Available data:
======

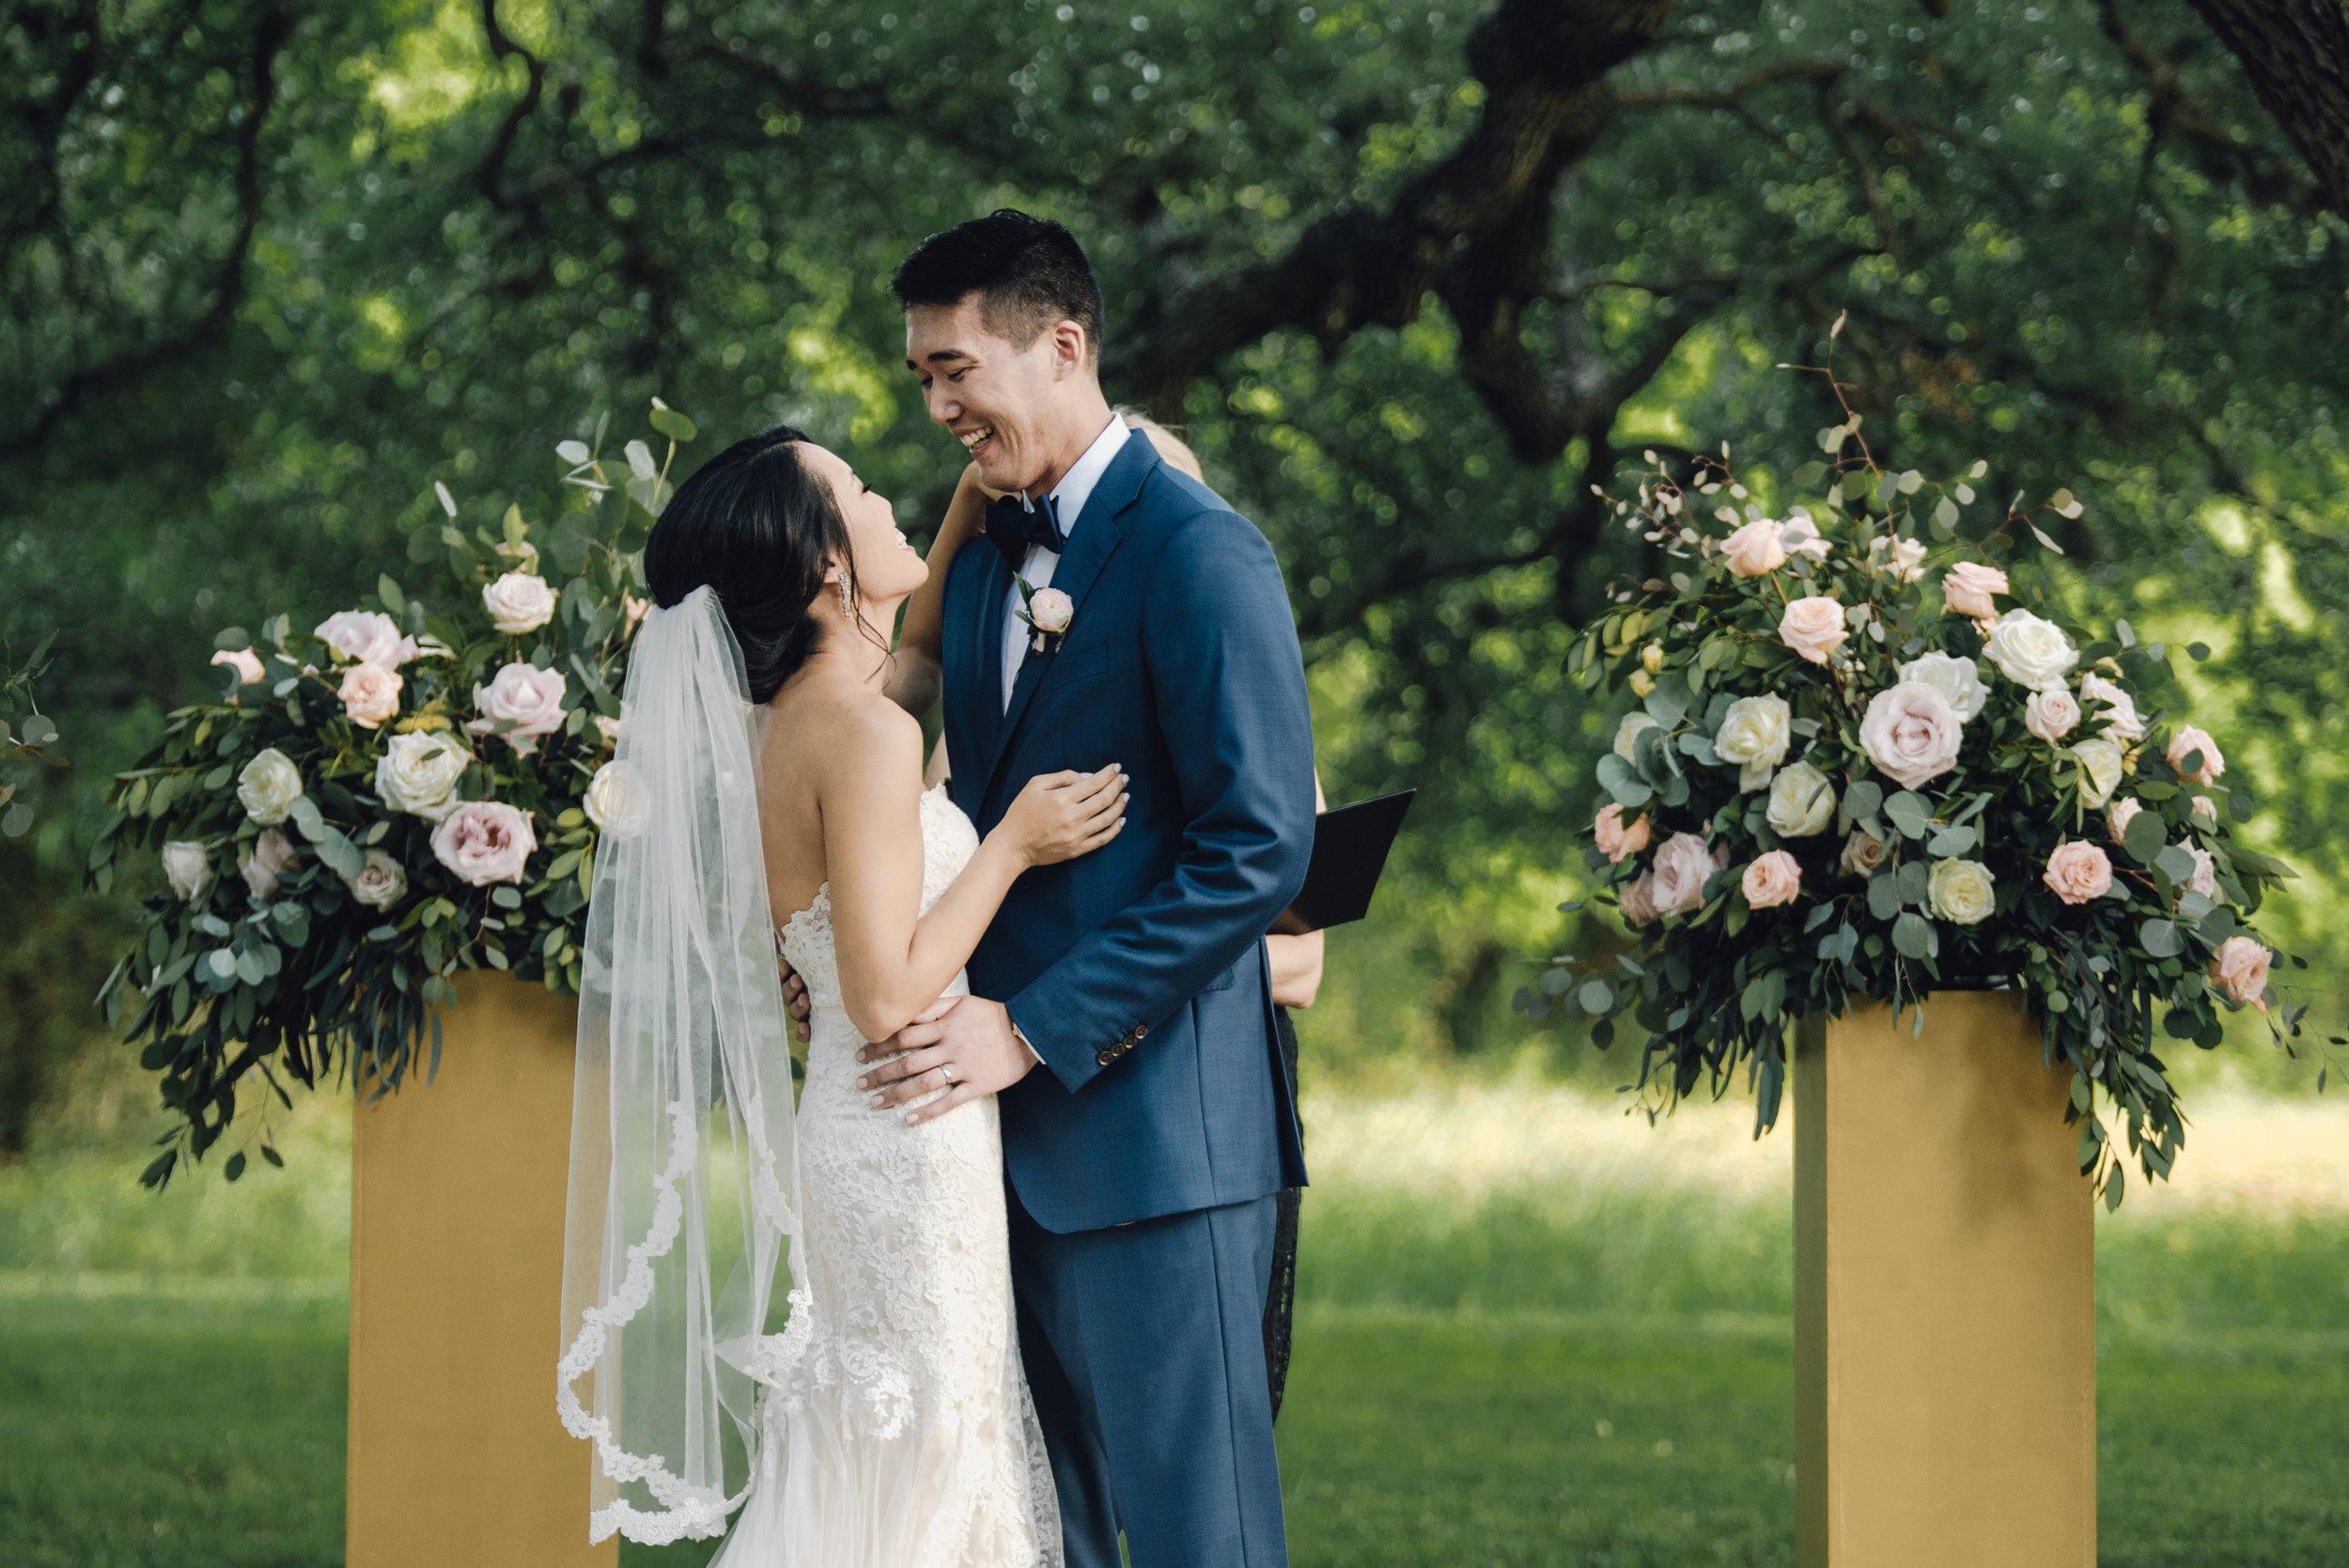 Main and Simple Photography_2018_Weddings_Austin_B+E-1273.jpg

======

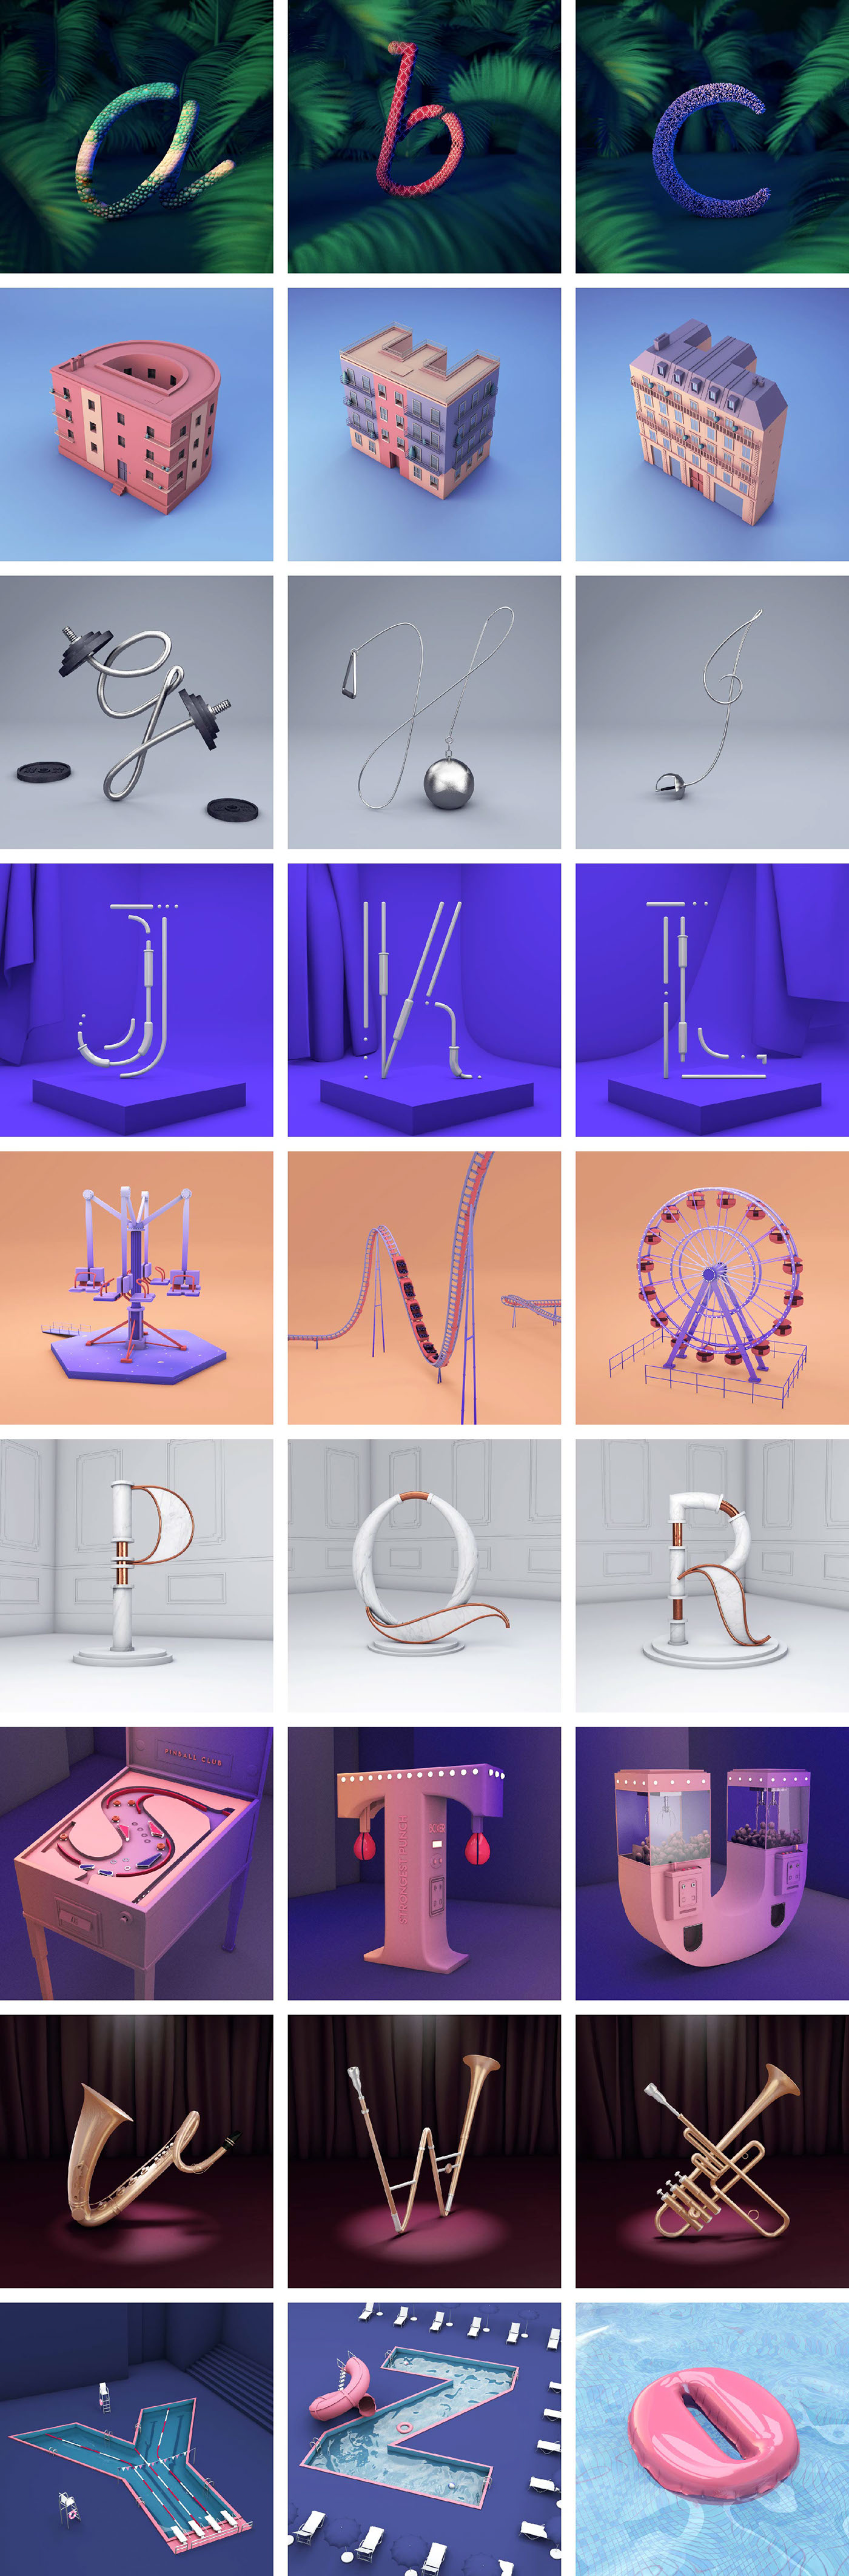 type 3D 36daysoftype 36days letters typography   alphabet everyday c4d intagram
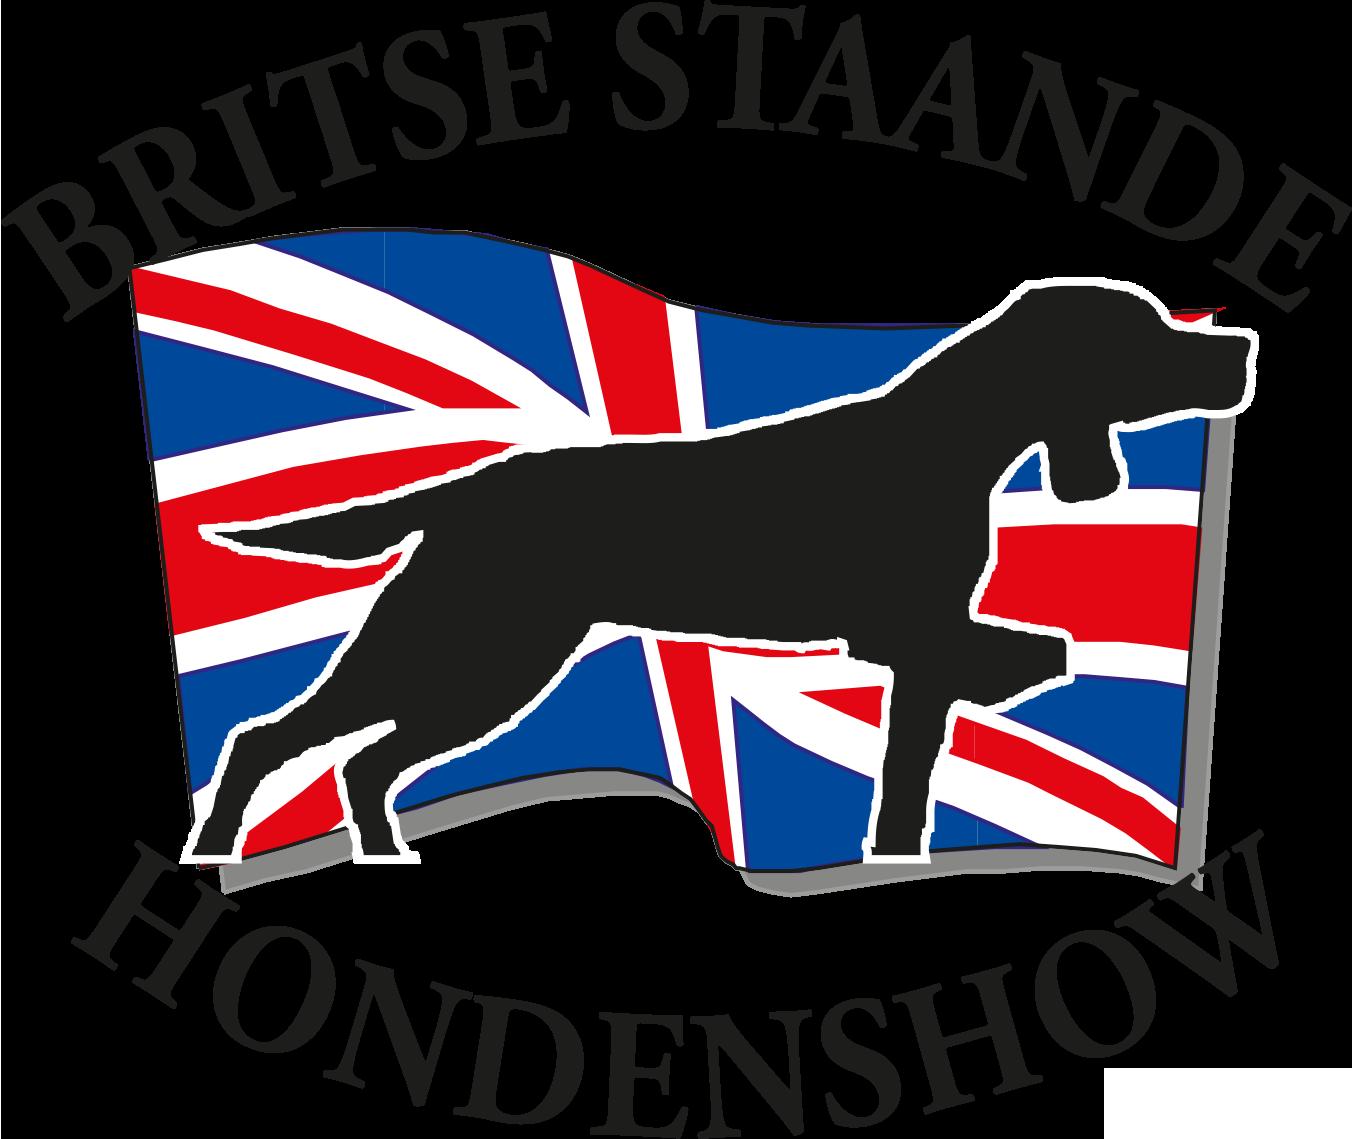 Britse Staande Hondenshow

======

Work request: Would you output only the span of the records above that opens with the line containing "type 3D 36daysoftype" and closes with the line containing "Britse Staande Hondenshow", ends included and pictures dropped?

Written answer:
 type 3D 36daysoftype 36days letters typography   alphabet everyday c4d intagram
 Britse Staande Hondenshow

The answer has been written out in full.